Наш человек в гестапо. Кто вы, господин Штирлиц?
Шрифт:
Для Александра начались оперативные будни.
Это произошло в начале сентября 1940 года. Леман только вернулся из очередной командировки со своим новым шефом Вальтером Шелленбергом, еще не успел раздеться, как раздался телефонный звонок.
— Вас слушают, — по служебной привычке сказал он, взяв трубку.
— Говорит коллега Прайс из Кенигсберга. Я в Берлине проездом и хотел бы вас увидеть, — человек свободно говорил на немецком с едва уловимым венским акцентом.
— Пожалуйста, завтра жду вас в бюро.
«Наконец-то — подумал Вилли и облегченно вздохнул.
Еще летом прошлого года у него на службе начались перестройки. Гиммлер принял решение объединить СД с гестапо и назвал новообразование — Главным управлением имперской безопасности — ГУИБ, немецкая аббревиатура РСХА. С этой идеей он носился еще с тридцать шестого года и вот теперь, наконец, смог ее реализовать.
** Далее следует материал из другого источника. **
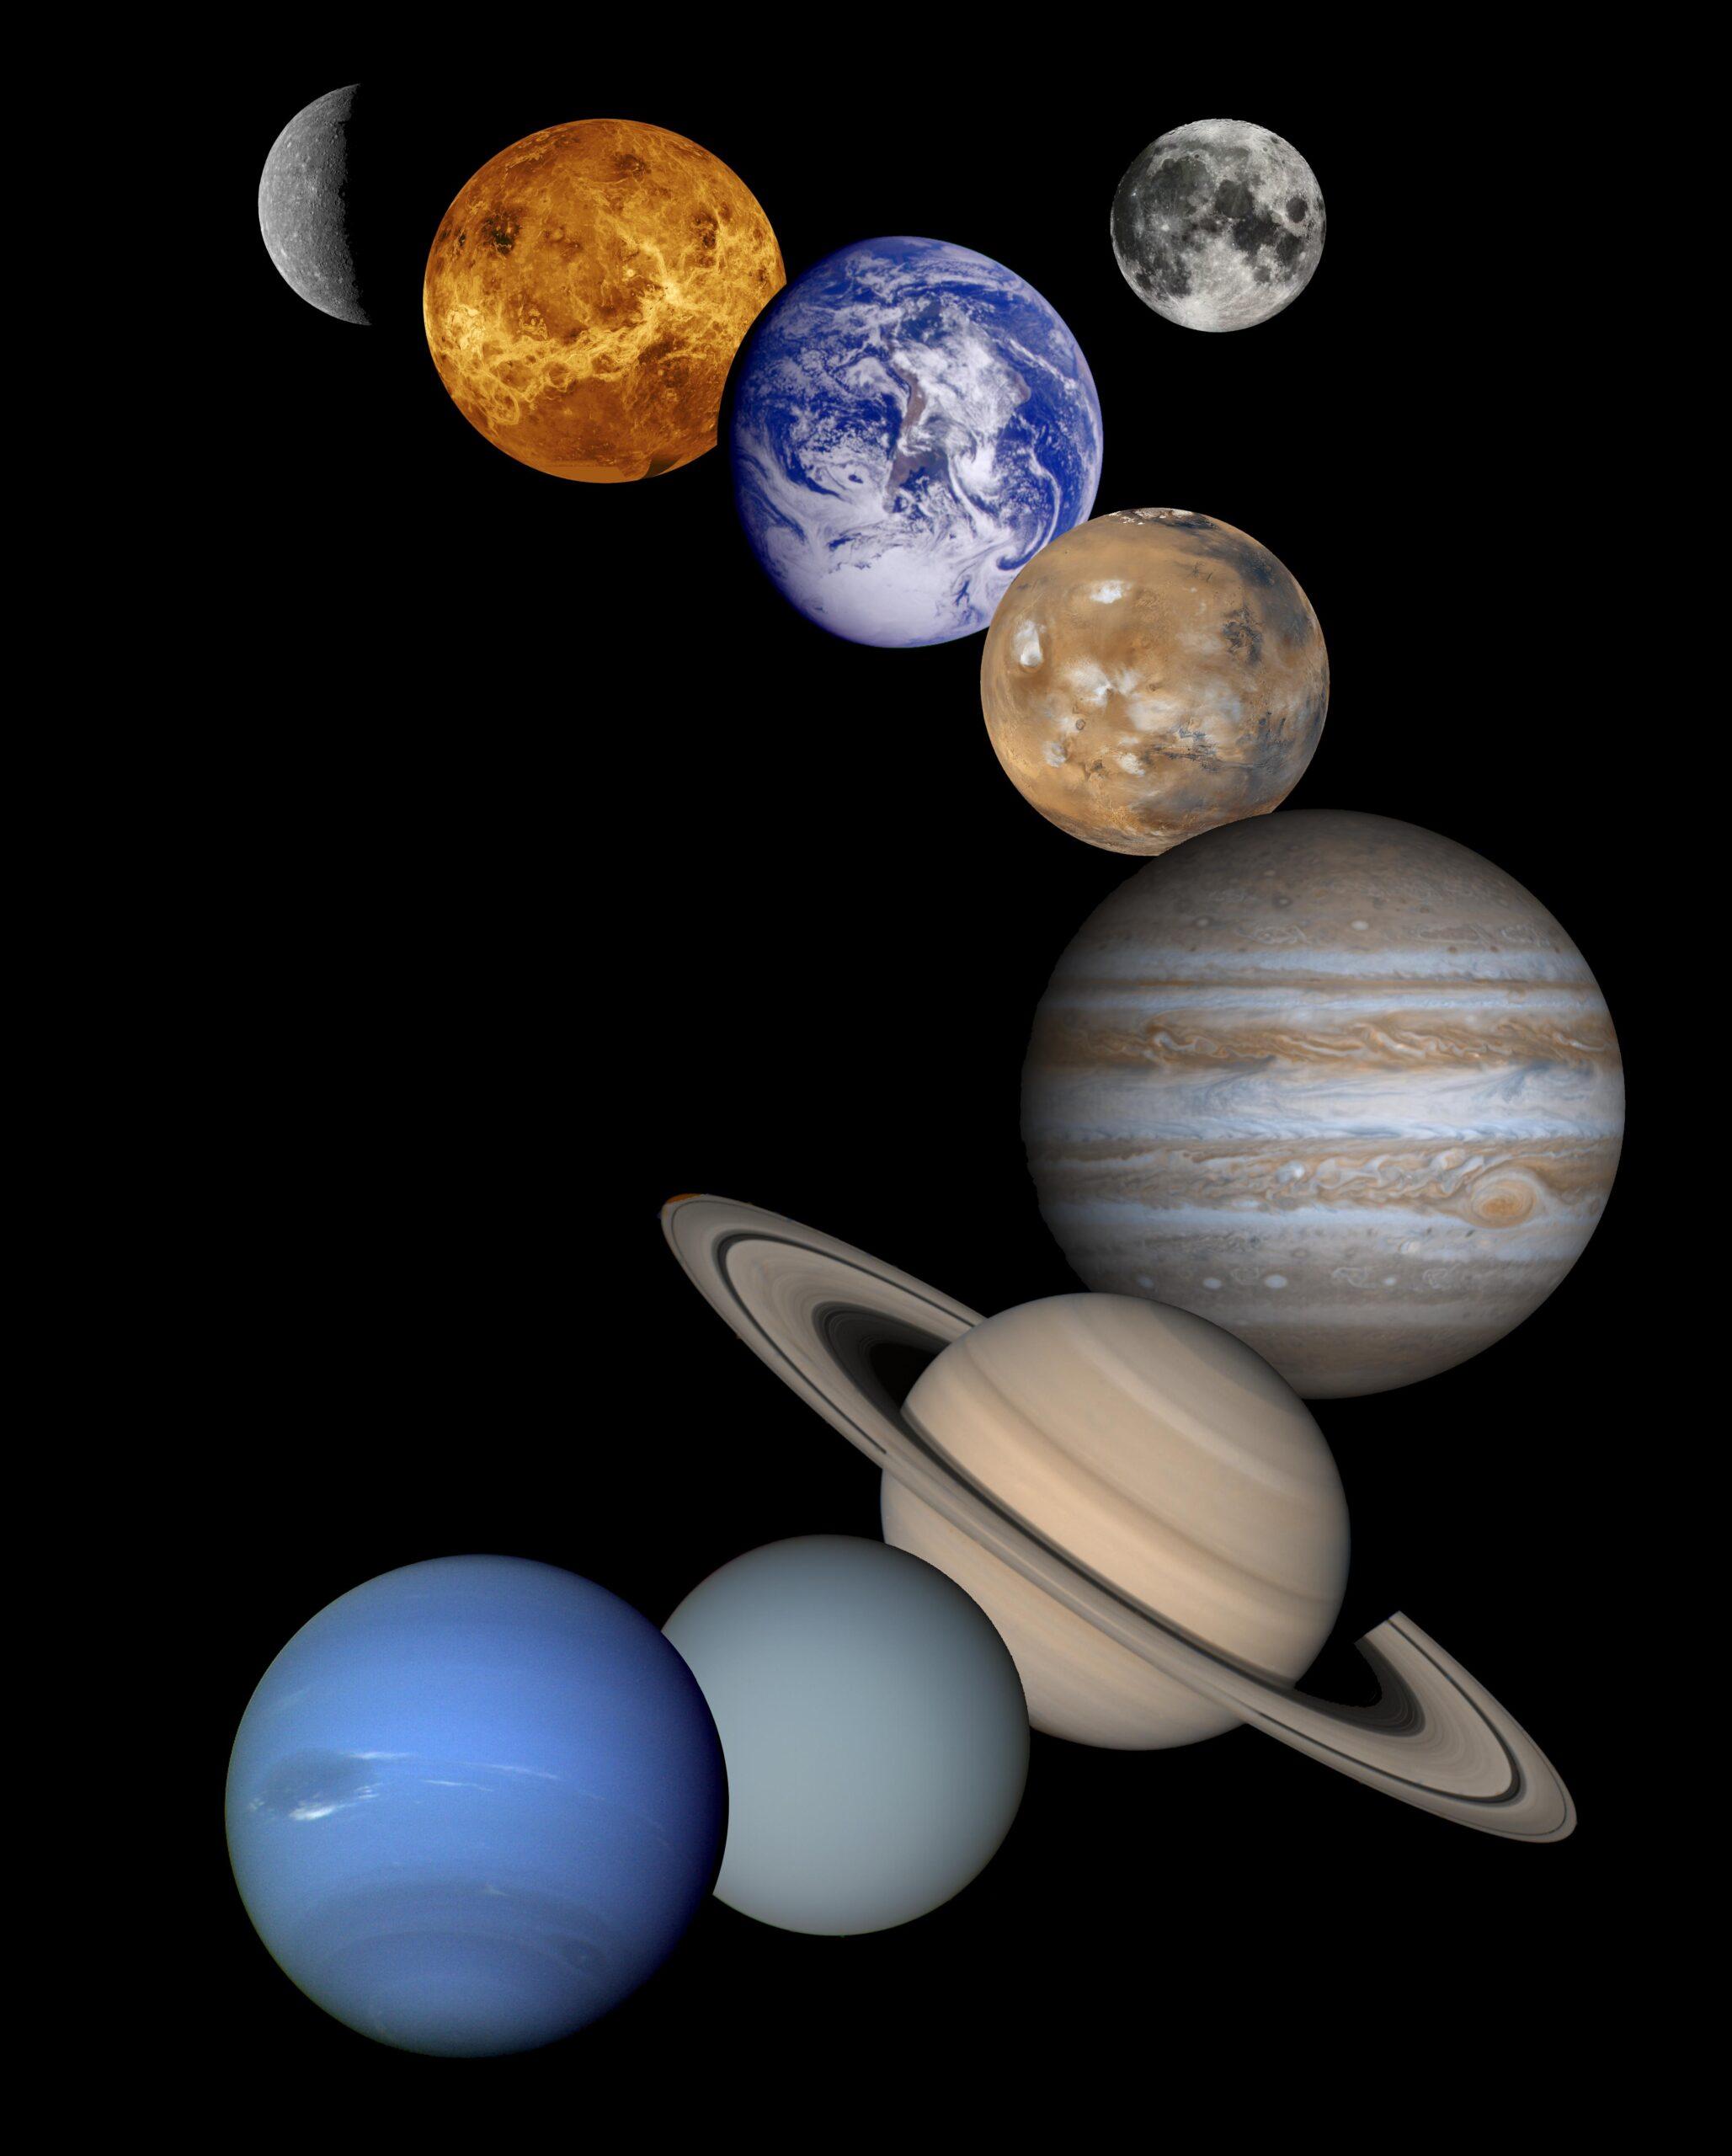 Menestra de planetas

Первым результатом стало усиление контроля со стороны штаба войск СС над всеми полицейскими службами. РСХА, состоящее из семи управлений, рассматривалось как главное управление в составе Министерства внутренних дел и одновременно как одно из двенадцати управлений войск СС. Возглавил РСХА группенфюрер СС Райнхард Гайдрих.
Теперь новые сотрудники при поступлении были обязаны стажироваться четыре месяца в криминальной полиции, три месяца в СД и три месяца в гестапо. Считалось, что только таким образом они смогут получить общее представление о функционировании всех служб. Все сотрудники главка носили на рукаве шеврон, указывающий на принадлежность к СД, как специальному эсэсовскому подразделению.
Гестапо значились в РСХА управлением под номером четыре и состояло из шести отделов. Возглавлял управление оберфюрер СС Генрих Мюллер. Отдел контрразведки, в котором работал Леман, входил в гестапо под номером четыре — Е. Возглавить его должен был оберфюрер СС Валътер Шелленберг, об этом в отделе, пошли разговоры сразу после подписания декрета об образовании РСХА в сентябре тридцать девятого года.
Гестапо осталось единым исполнительным инструментом, самым грозным организмом, осью машины, которая приводила в движение все остальные механизмы. В нем получала завершение информация, обобщения сведений разного рода, статистика, исследования, проводившиеся другими управлениями РСХА. Статистические данные и списки, подготовленные в других организациях, превращались в гестапо в конкретных людей, за которыми охотились, которых мучили, вешали, расстреливали или превращали в рабов.
Тогда, в сентябре, Вилли пригласил к себе на беседу начальник гестапо Мюллер.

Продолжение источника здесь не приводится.